---------- Stored data

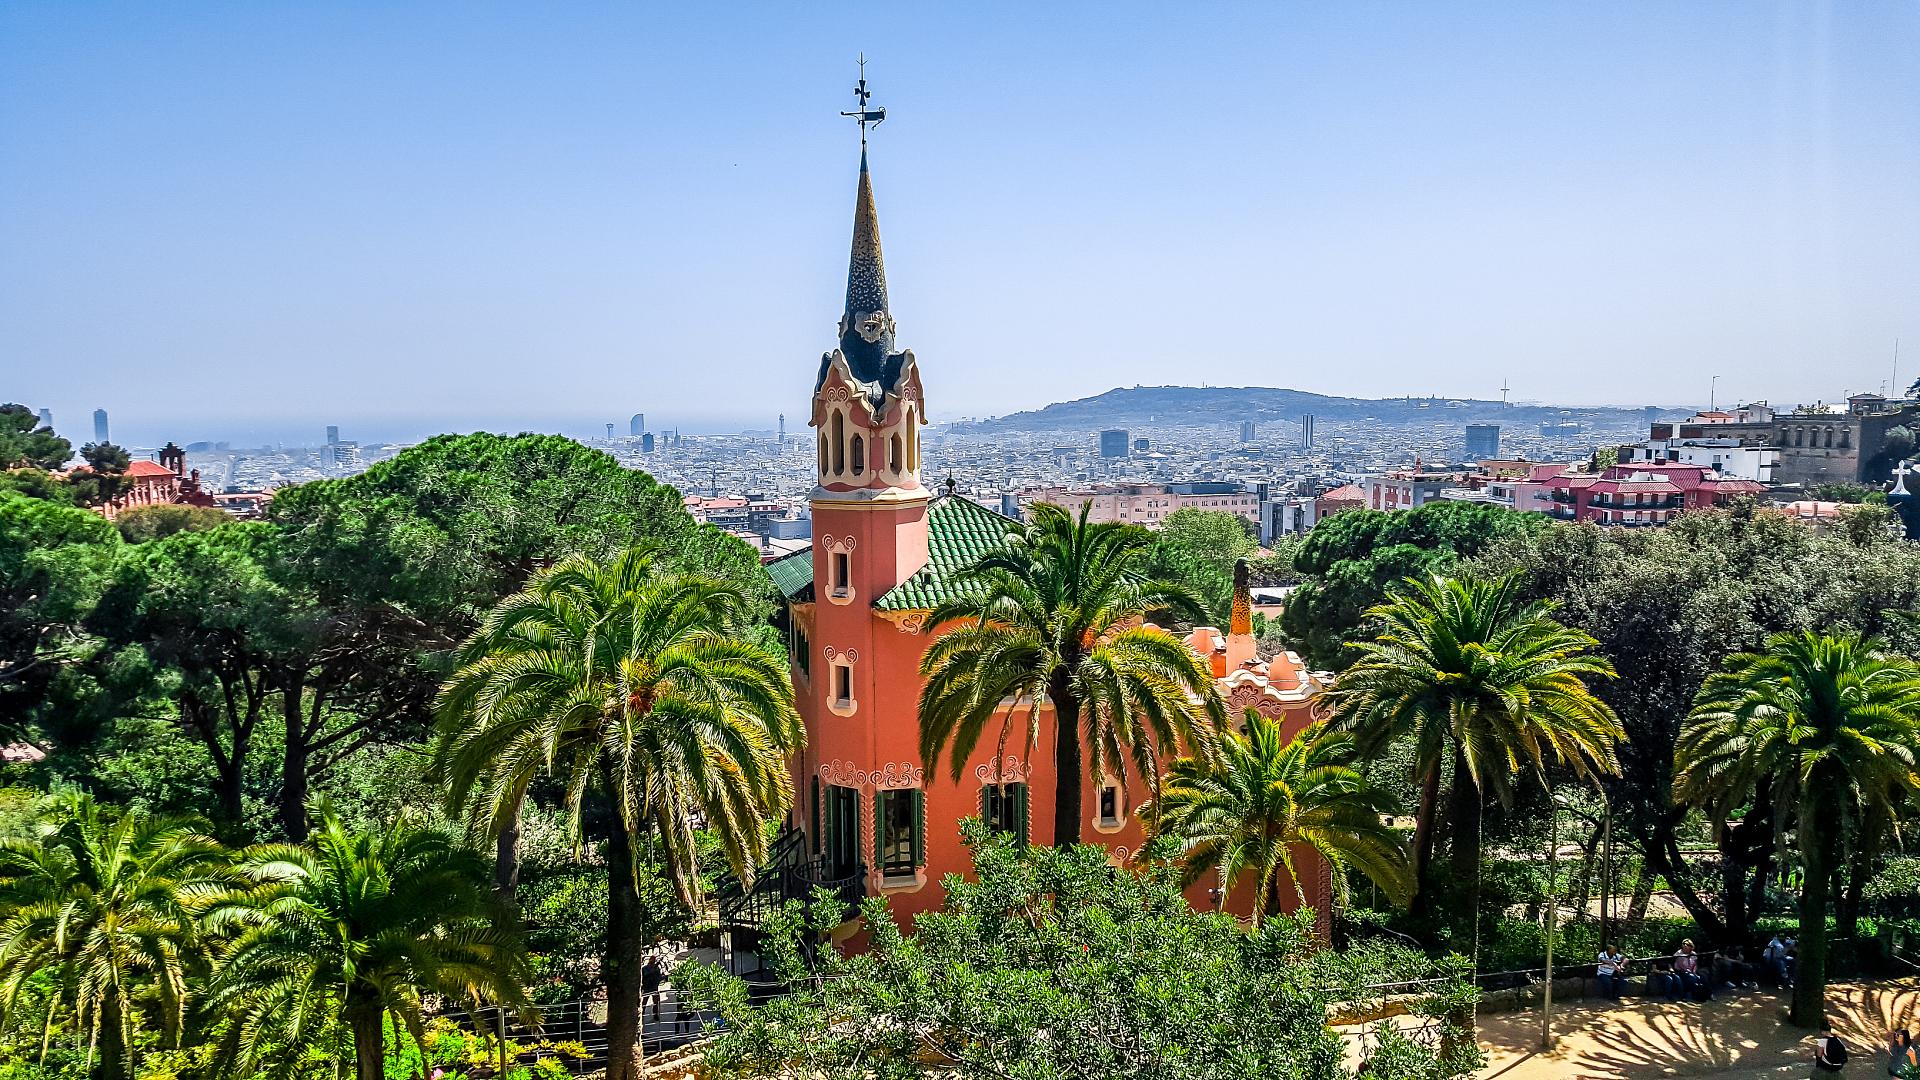 Explore Gaudí's modernist architecture
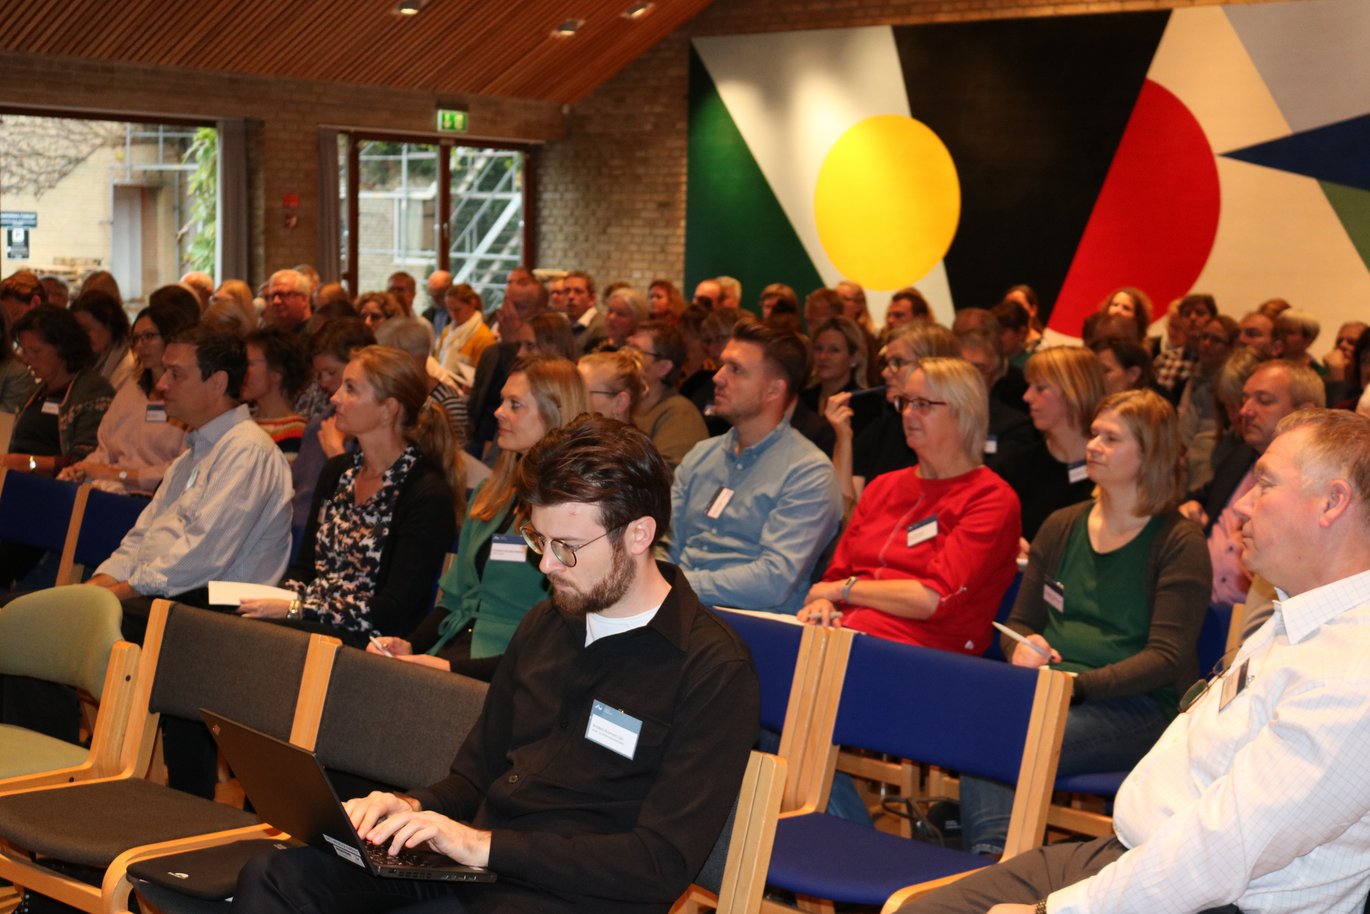 Der var fuldt hus med 150 deltagere til årets ViD-konference i Aarhus. Foto: Linda S. Sørensen.
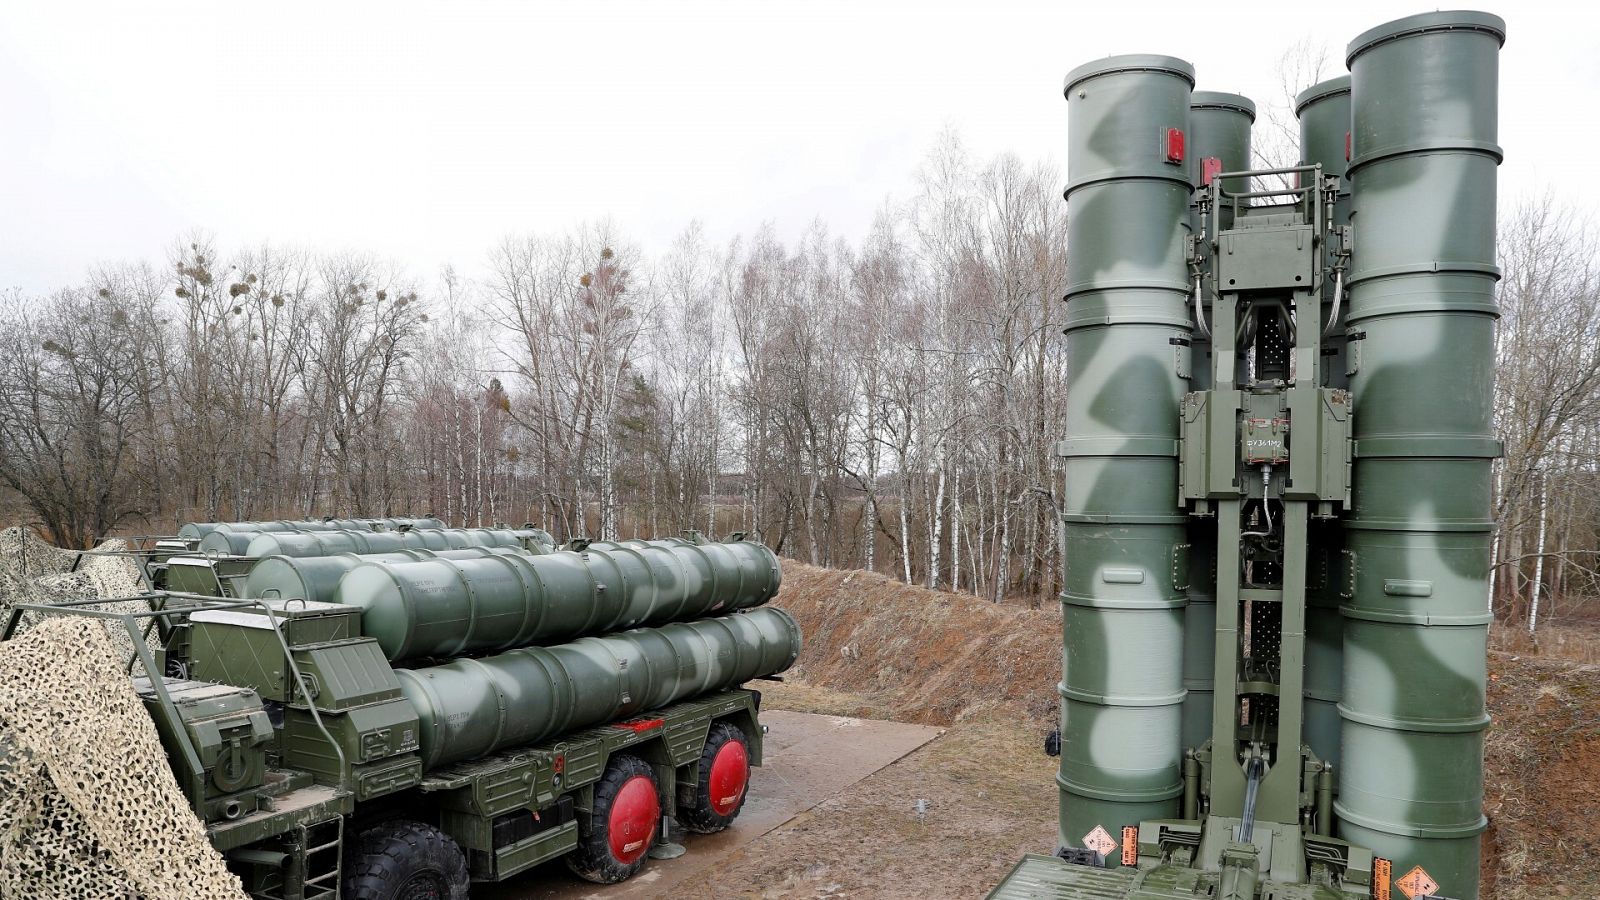 Vista de unos misiles tierra aire que se emplean en la guerra de Ucrania y Rusia

--------------------

Action item: None of the pictures should be kept; reproduce all the remaining material exactly.

Output:
 Explore Gaudí's modernist architecture
 Der var fuldt hus med 150 deltagere til årets ViD-konference i Aarhus. Foto: Linda S. Sørensen.
 Vista de unos misiles tierra aire que se emplean en la guerra de Ucrania y Rusia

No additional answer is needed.